Because nature is variable and the data are noisy, traditional graph isomorphism is of little use for graph comparison, and a more flexible, intentionally approximate approach is necessary. We introduce a systematic measure of a network's local structure that imposes a large number of local similarity constraints on networks being compared. In particular, we generalize the degree of a node to a degree vector describing the local topology around a node.

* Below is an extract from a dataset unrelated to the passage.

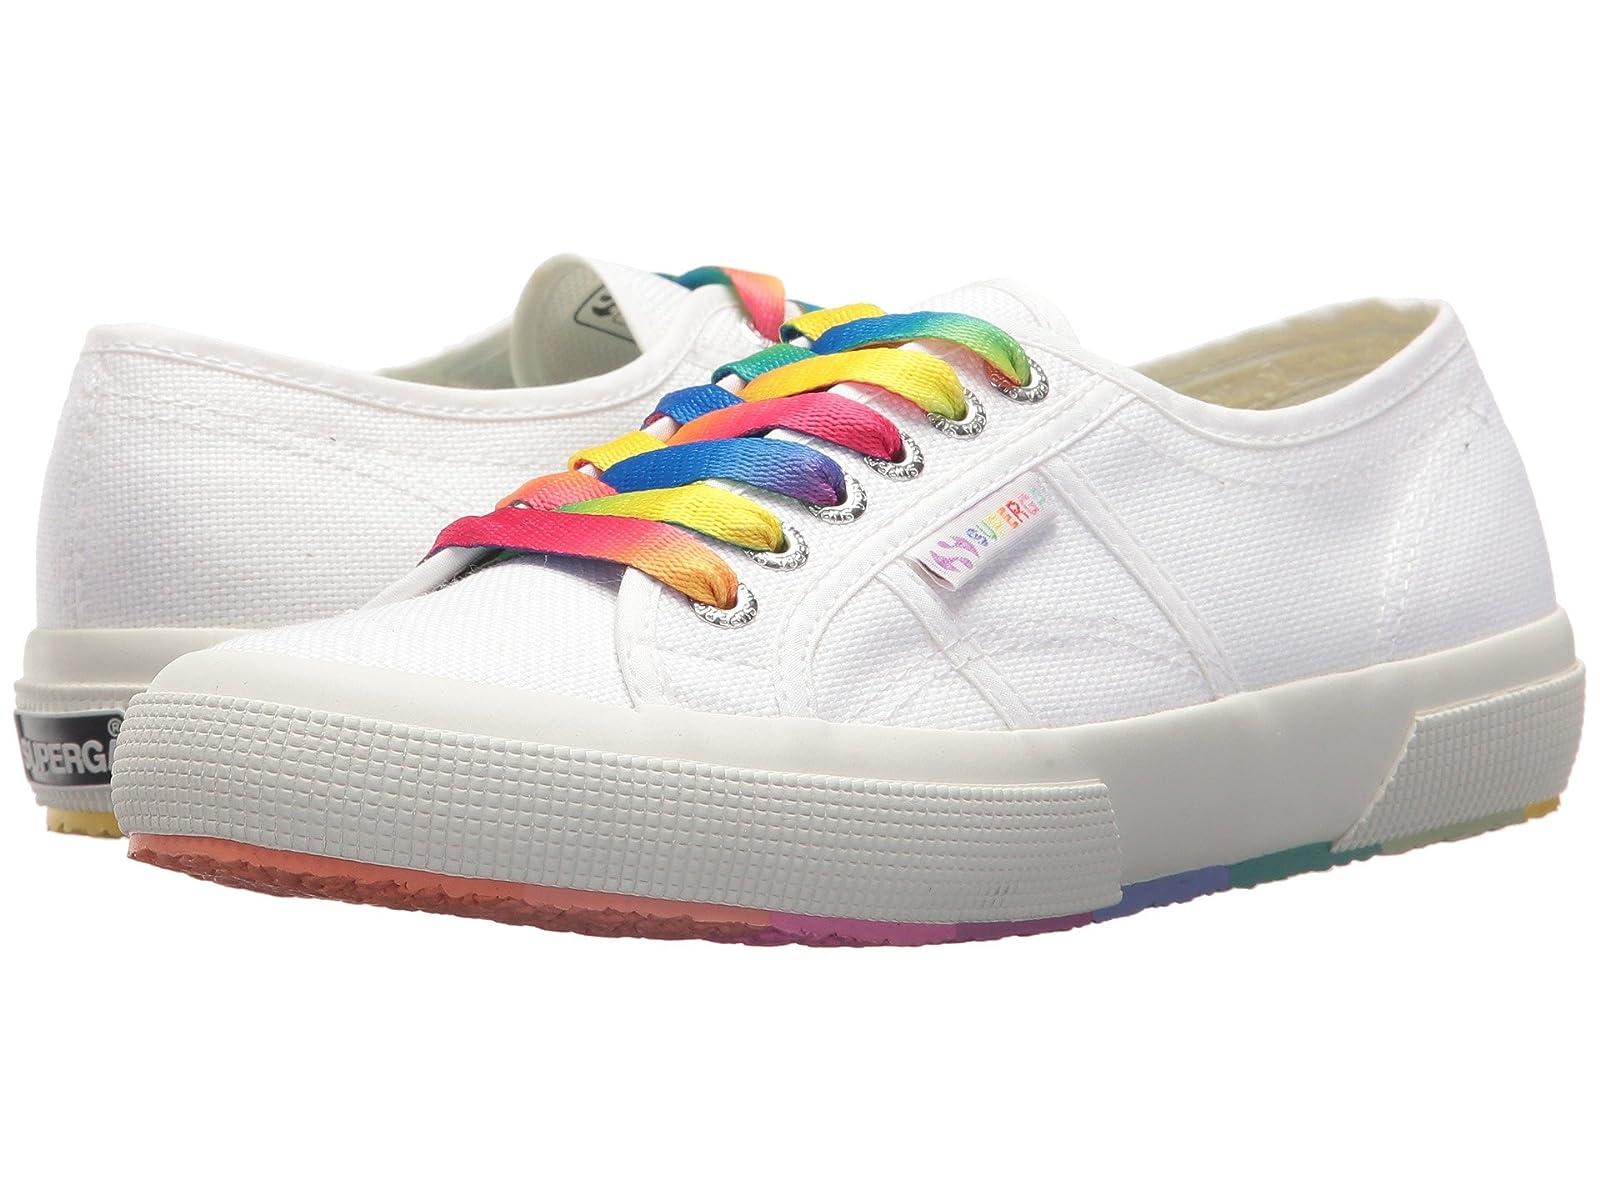 Superga 2750 2750 Superga COTW Multicolors Outsole Sneaker 12e45f

We demonstrate that this local node similarity corresponds to similarity in biological function and involvement in disease. We also show how to use the degree vectors to design a network alignment algorithm that produces correct phylogenetic trees. Next, we demonstrate how statistics from large numbers of these local similarity measures can be combined to provide a global network similarity measure. Using this global similarity measure, we demonstrate that protein-protein interaction (PPI) networks are better modeled by geometric graphs than by any previous model. The geometric model is further corroborated by demonstrating that PPI networks can explicitly be embedded into a low-dimensional geometric space. Finally, we argue for a theoretical reason why PPI networks might be geometric.

John Reinitz
State University of New York at Stony Brook

When Two Plus Two Doesn't Equal Four: Modeling Non-Modular Enhancer Behavior in the Eve Promoter

The prediction of expression patterns from genomic sequence is an important unsolved problem in modern molecular genetics. Its solution requires an understanding of the transcriptional consequences of particular configurations of bound factors. An important aspect of the problem is to understand how modular enhancers arise from binding sites. We are currently using the {\em eve} gene of {\em Drosophila} as a testbed for finding the general rules by which sequence controls gene expression in metazoa. We believe that the most informative experimental materials for such studies are instances where the usual additive behavior of enhancers breaks down. Such instances can reveal underlying rules, but the complexity of the experimental phenomena require precise quantitative models for their interpretation. We consider two experimental situations in which modularity breaks down. In one case, a modular enhancer for stripe 2 fused to proximal sequences that do not drive any expression results in a fragment that expresses stripe 7, demonstrating nonadditive behavior. In another case, placing enhancers for stripes 2 and 3 adjacent to one another give rise to a novel expression pattern, an example of another type of nonadditive behavior. I will show how both types of nonadditive behavior can be understood using a quantitative model in conjunction with quantitative data from promoter-reporter constructs.

Pierre Rouze
Gent University, Gent, Belgium

From Protists to Plants, Fungi and Animals: Eukaryote Genomes Are Not Born Equal

Since the incipience of genome-wide sequencing, more than a thousand genomes from eukaryotes have been sequenced and the low cost of the “new sequencing” technologies will suddenly bring many more on the shelves. There is a clear issue in making the best use of these data, finding and annotating the genes and other features from these new genomes. This issue has mainly been seen from a computer science perspective. I would like here to pinpoint another issue which has to do with biology. Most of the organisms which have been sequenced until lately were either fungi, animals or plants. Although all model organisms used and documented from a cell and molecular biology perspective are among these, this is nevertheless a minor fraction of the eukaryote phylogenetic spectrum. Annotation traditionally proceeds by analogy, either by searching for genes that are known or found elsewhere or ab initio by looking at recurrent features according to the knowledge we have of the molecular mechanisms of genome expression. Do we care about and know well enough these features and mechanisms, i.e. the way the information is structured and the way it is encoded in the lesser documented organisms which are going to be the bulk genome sequences soon? Having been involved in the annotation of such organisms, e.g. green algae, brown algae, diatoms and haptophyte we indeed came across unexpected findings which come as a warning of our capability to properly decipher the genome information content in such organisms.